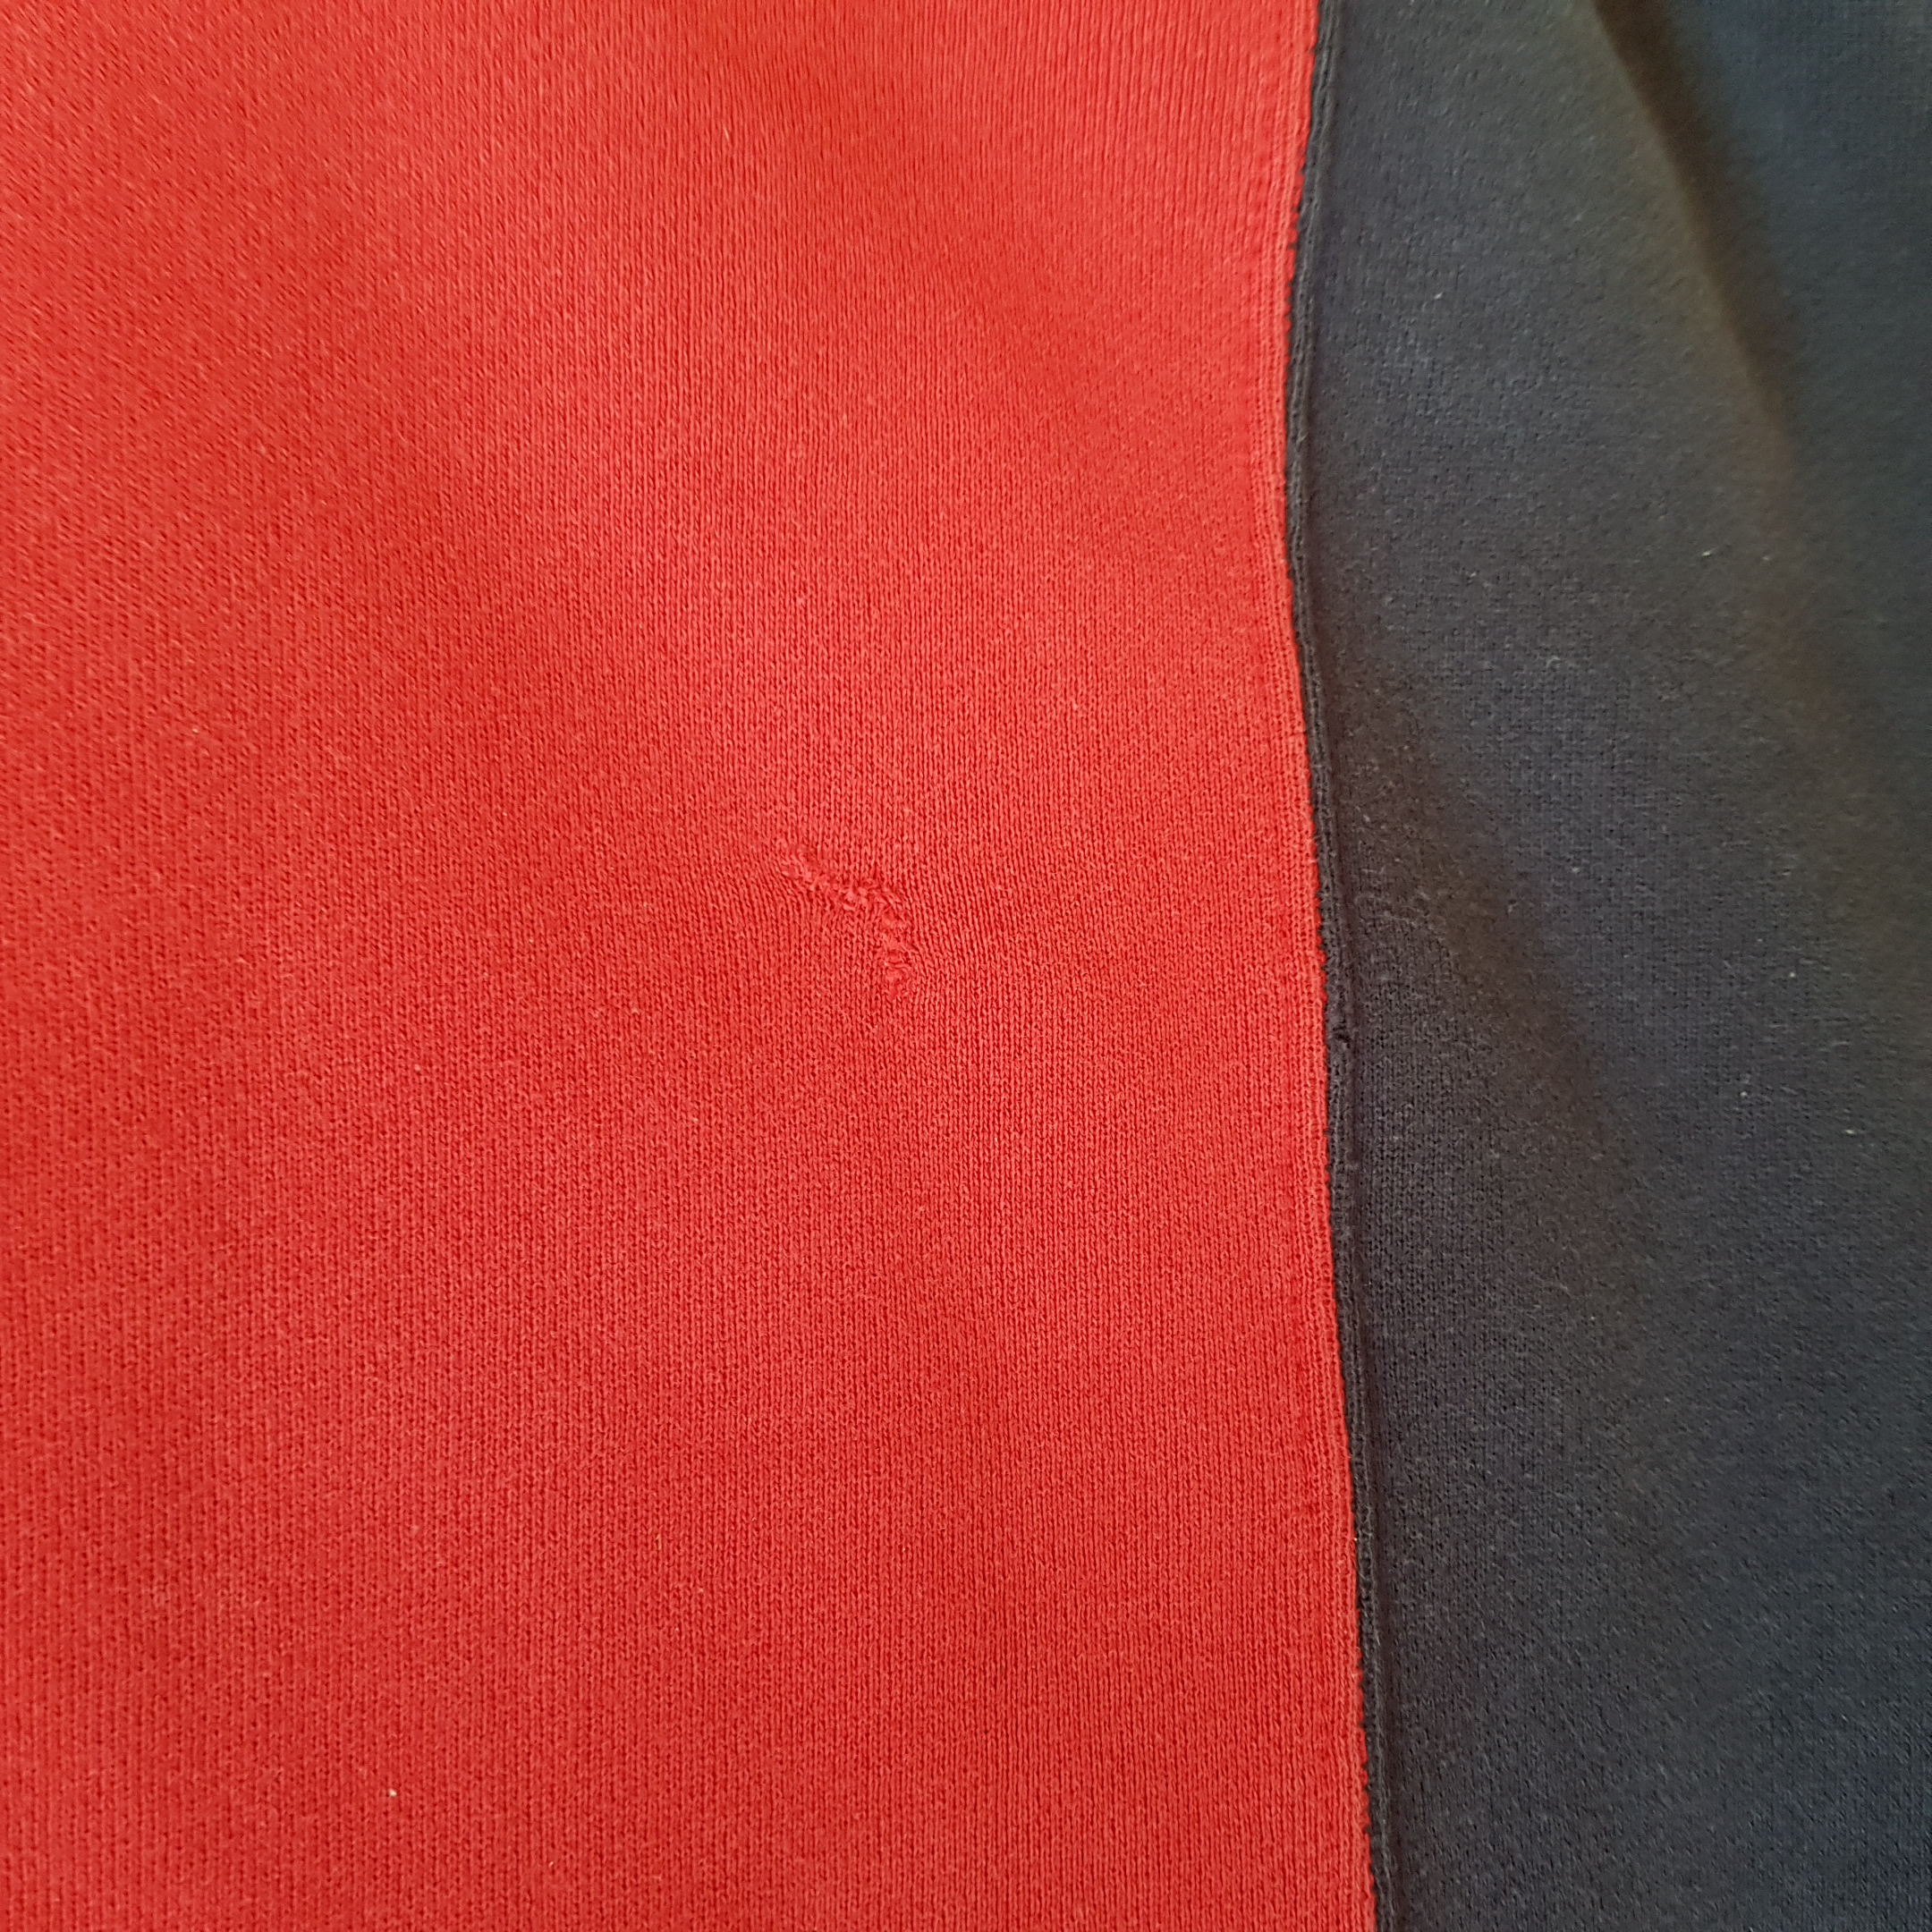 Polo Sport Tricolour Quarter Zip Jumper - Retro Robes
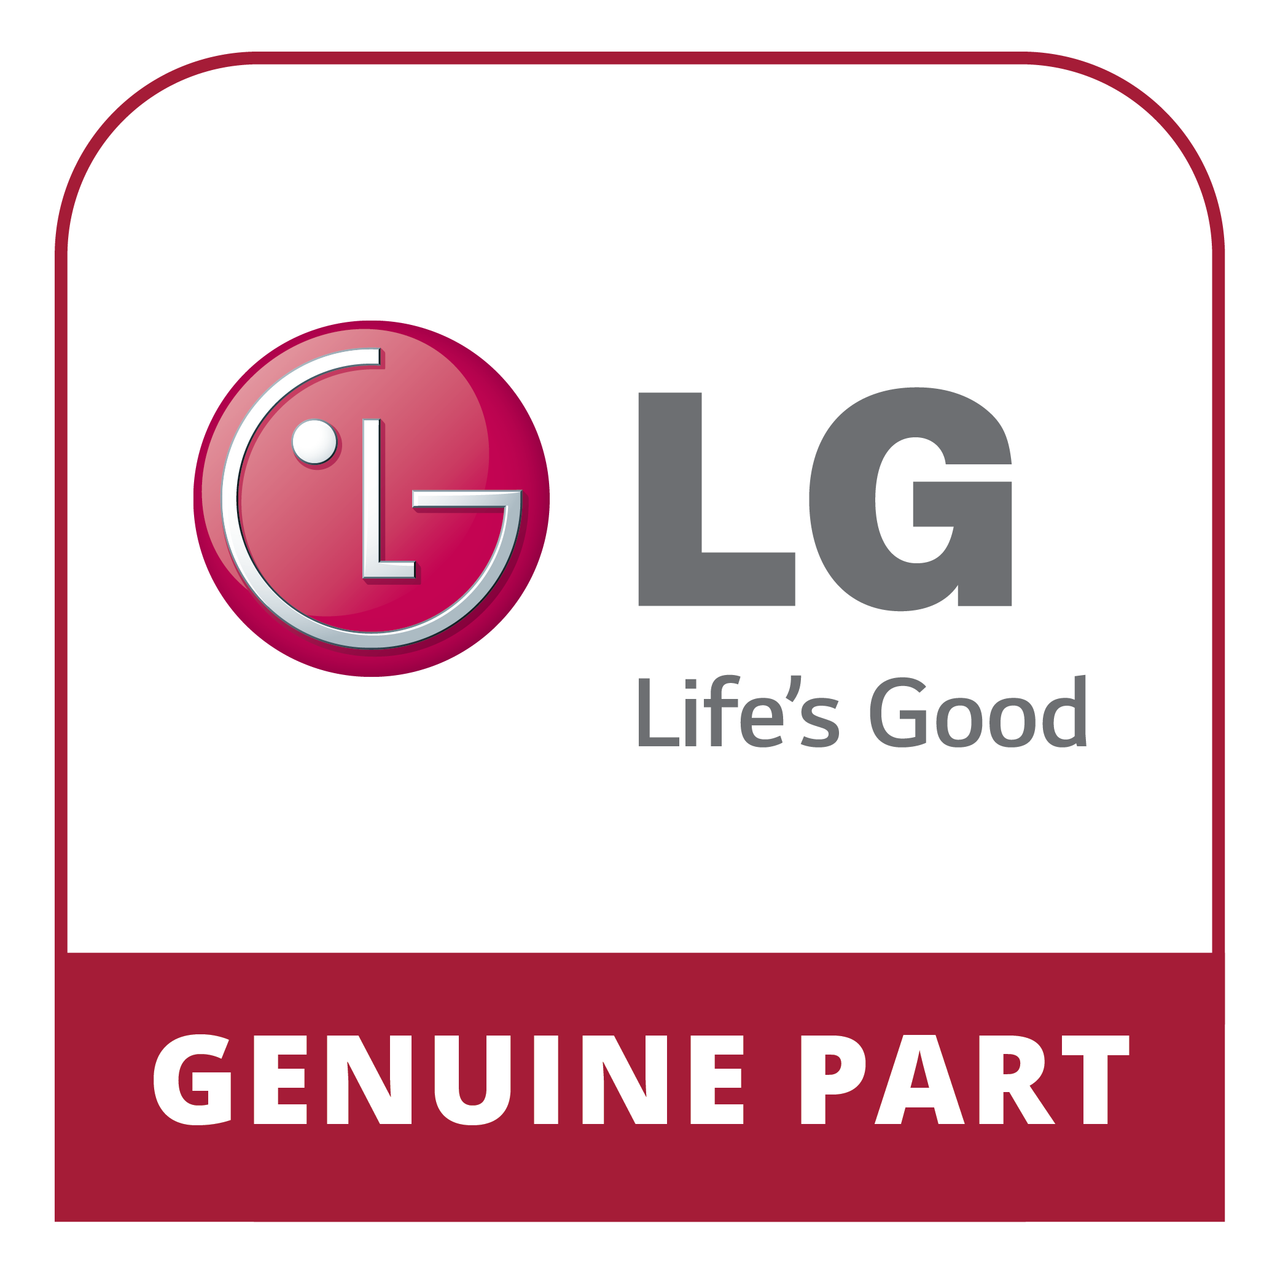 LG MEA66352001 - Guide,Stopper - Genuine LG Part
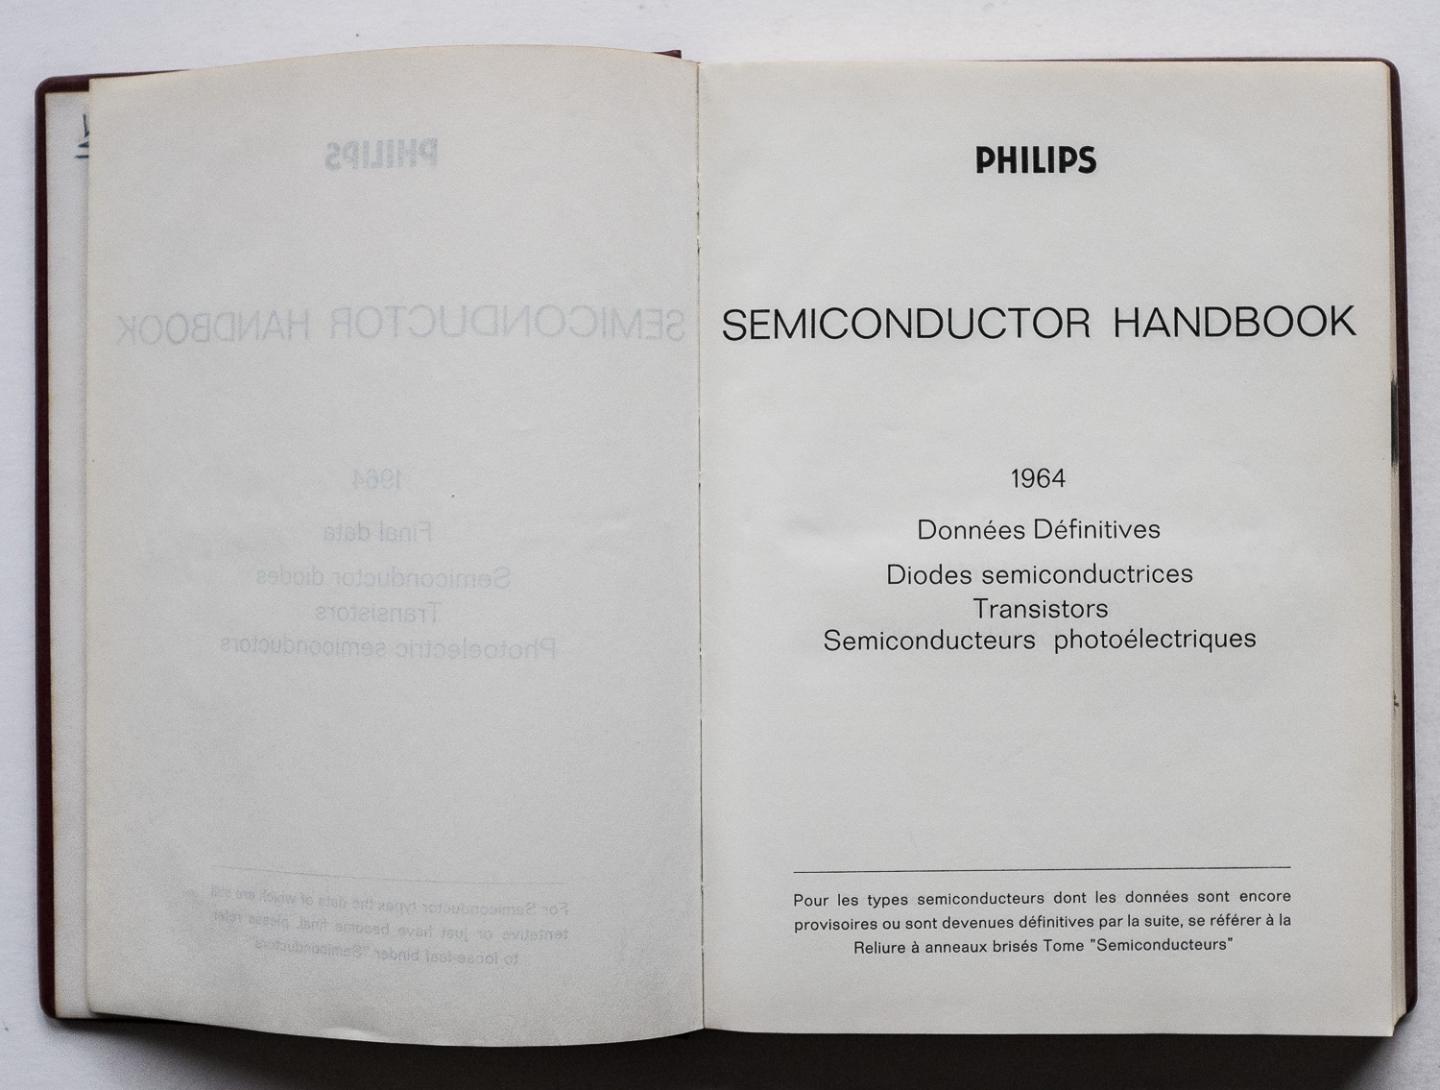  - Semiconductor Handbook - Final data, Semiconductor diodes, Transistors, Photoelectric semiconductors
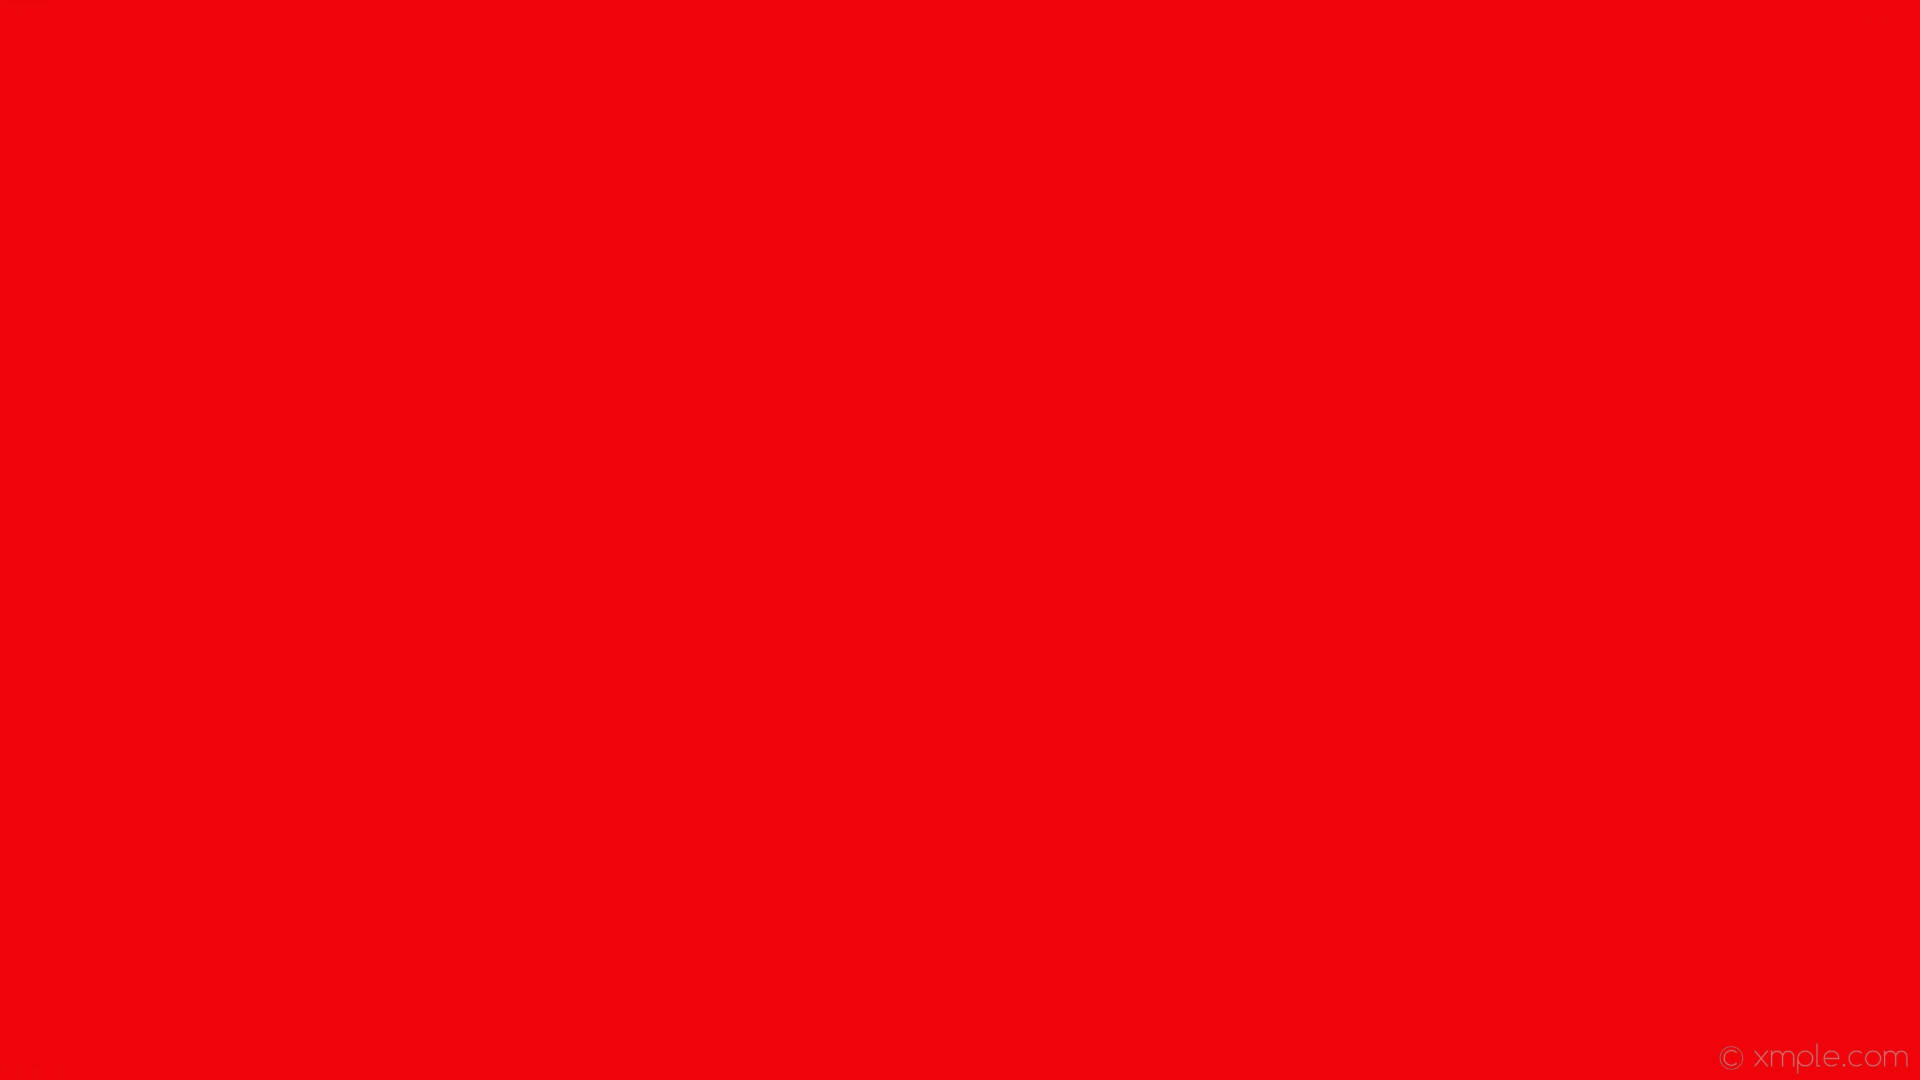 Plain Red Scarlet Wallpaper

══════════════════════════════

Reproduce word for word only the lines between the line containing "LG MEA66352001 - Guide,Stopper" and the end of the listing above, both included, and drop any pictures.

• **Reply to the exercise**
 LG MEA66352001 - Guide,Stopper - Genuine LG Part
  - Semiconductor Handbook - Final data, Semiconductor diodes, Transistors, Photoelectric semiconductors
 Plain Red Scarlet Wallpaper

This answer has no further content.